The defense took only four day’s to presents its case. The party’s National Secretary, James P. Cannon, was on the stand for two days. Under Goldman’s questioning he gave the jury an effectively simple description of our ideas; under cross-examination he defended those ideas against prosecution attempts to pervert their meaning.
This was supplemented by the testimony of Farrell Dobbs and Vincent Dunne on the policy and activities of the party in the trade unions. Short but convincing testimony by six Union Defense Guard members on the nature of the organization, and testimony by Grace Carlson rebutting government testimony about statements allegedly made by her were other important items in the defense presentation.
The effect of the whole was not so much to deny specific government allegations as to describe to the jury the ideas of the Socialist Workers Party.
Whatever may have been the effect of the defense witnesses on the jury, in the end everything depended upon Albert Goldman’s final argument. For after the defense witnesses came the prosecution’s final argument, a day-long speech by US District Attorney Victor Anderson.
IV. The Final Arguments
On the other hand Judge Joyce would not permit the defense witnesses to tell the jury the whole story behind the trial—the struggle between AFL Teamsters President Daniel J. Tobin and the Trotskyist leadership of the Motor Transport Workers Union, Local 544-CIO, and the series of governmental actions siding with Tobin, culminating in the indictment of the leadership of the Socialist Workers Party and Local 544-CIO. Whenever defense witnesses approached this question, the prosecutors jumped up to object and were sustained by the judge.
Such were the onerous conditions under which Albert Goldman delivered his final argument, speaking for two days, for a total of ten hours.

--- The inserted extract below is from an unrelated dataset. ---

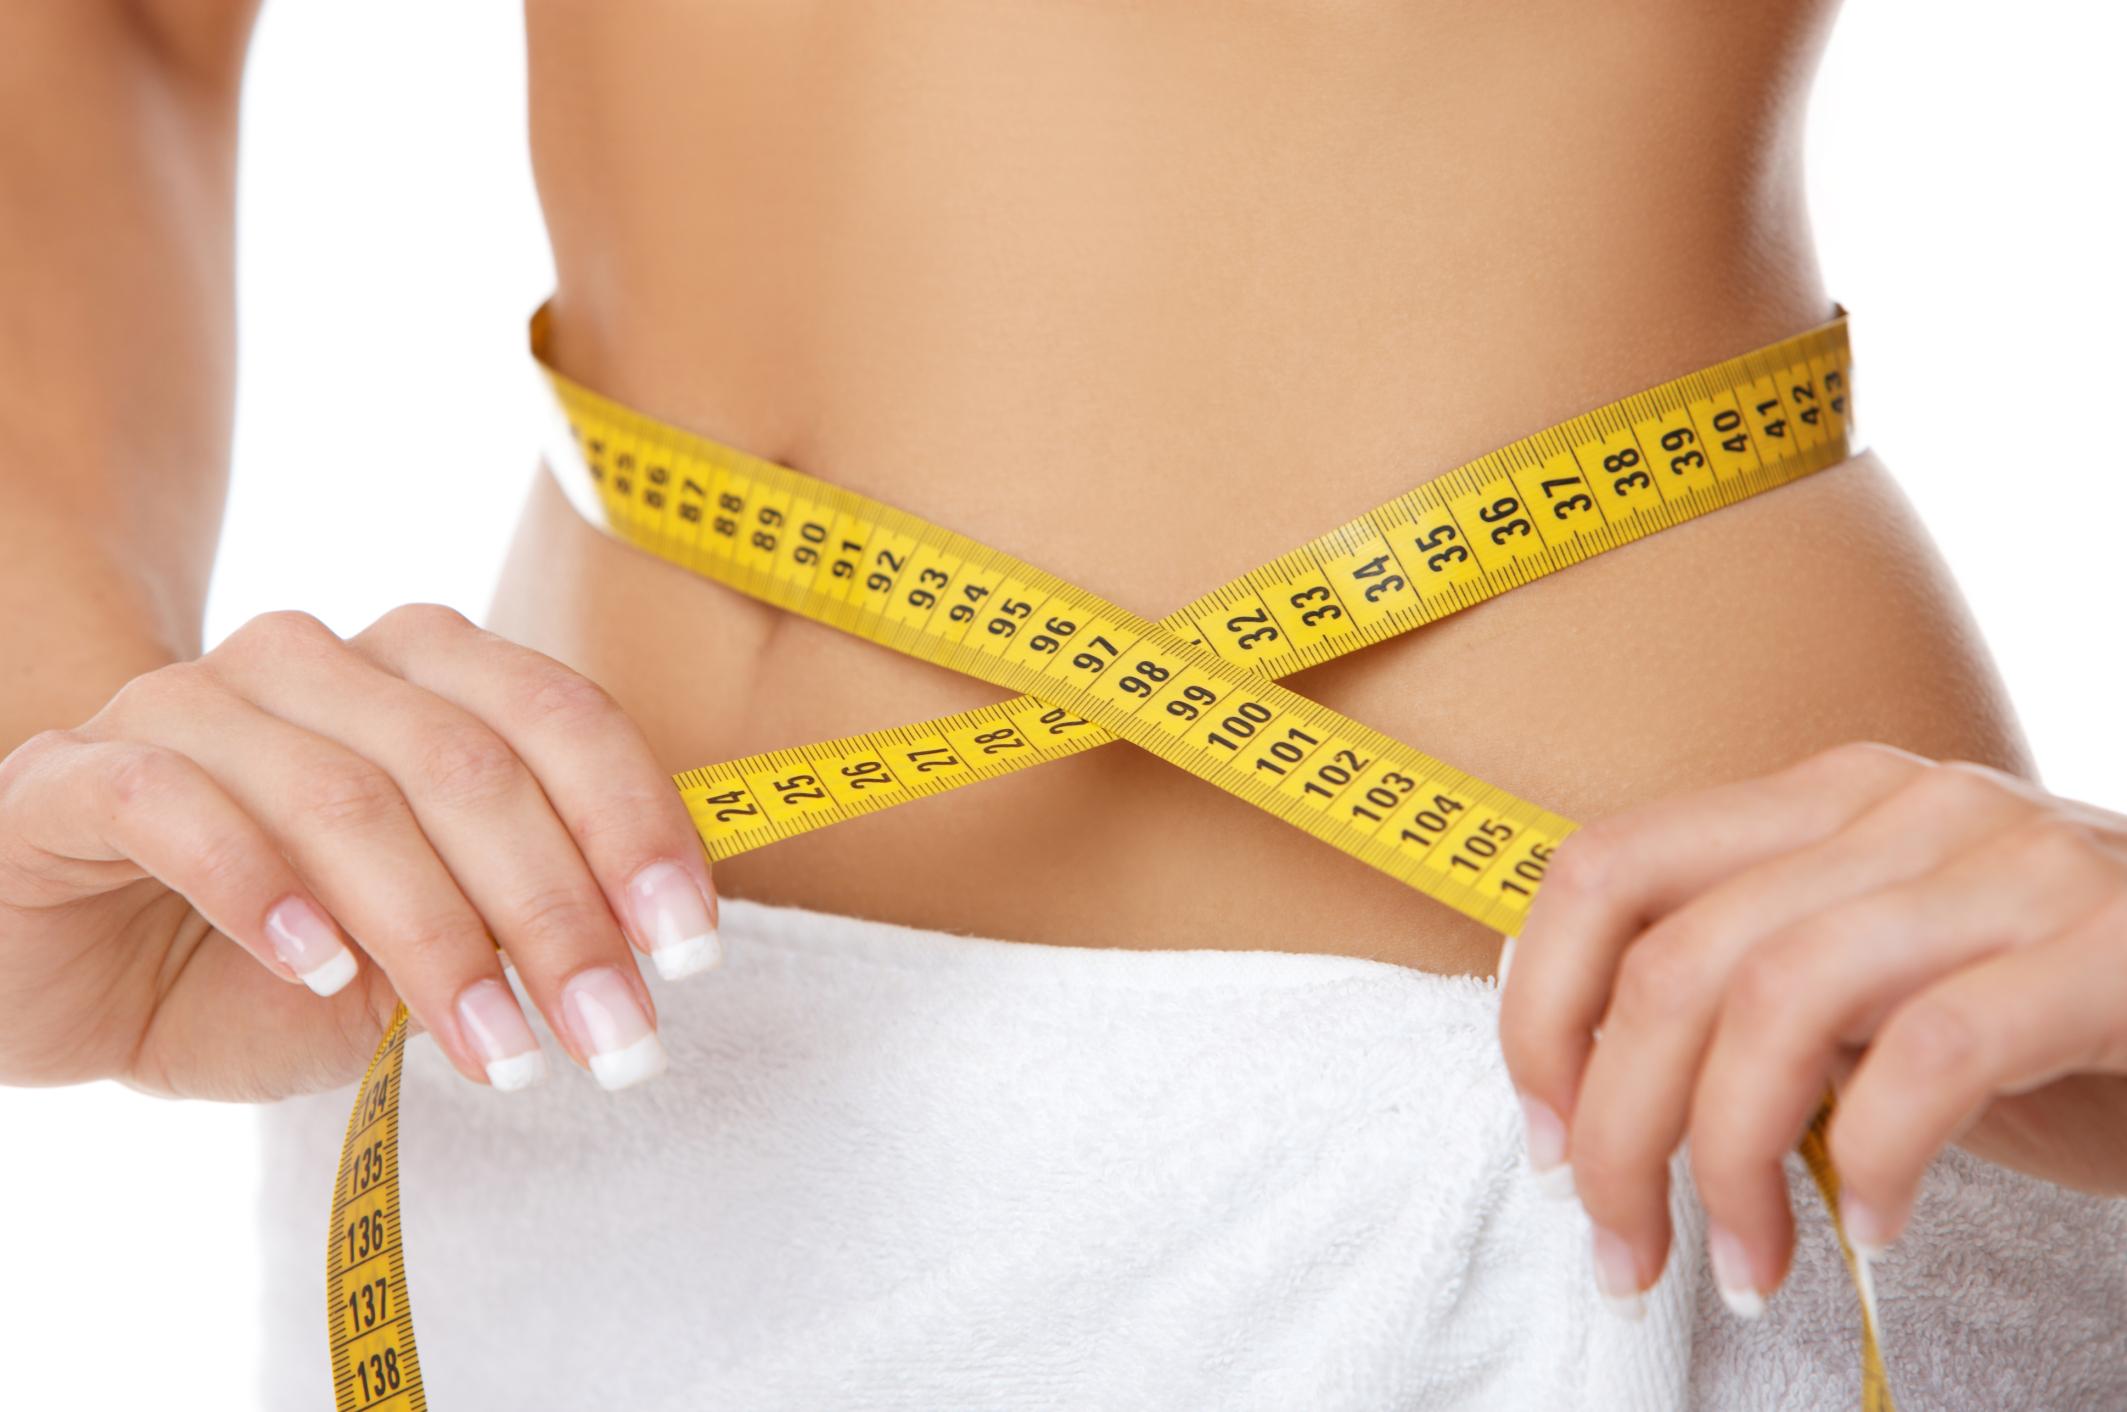 Unhealthy Weight Loss

His speech, as the reader can see for himself, is austerely simple in its construction. There are no tricks in it, nor flights of rhetoric. The secret of its great power is that it is an unadorned but clear and persuasive explanation of what socialism is. The task Albert Goldman set for himself was to try to make those jurors understand who we defendants are, what we believe, why we believe it, and why we have a moral and legal right to our beliefs. He set out to move those jurors, not inches, but worlds, from their capitalist-dominated world into seeing distance of the socialist world of the future.
The obstacles in the way were well-nigh insuperable. But hour after hour, with an eloquence which lent restrained passion to his words, Goldman labored upon that jury, And, finally, his labors were not in vain. He won from them a partial victory, partial but rich with fruitful consequences for the preservation and building of the revolutionary movement.
Not the least of the fruitful consequences of this trial is the text of Goldman’s speech. It provides something which the American revolutionary movement has long lacked—an elementary exposition of the socialist outlook. Now we have it, not in a dry textbook, but in the dramatic form of a defense of revolutionists against the government’s attempt to imprison them for their ideas. Let us see to it that the new generation of youth, in whose hands is the power to put an end to capitalist slaughter, is given the opportunity to read Albert Goldman’s great speech.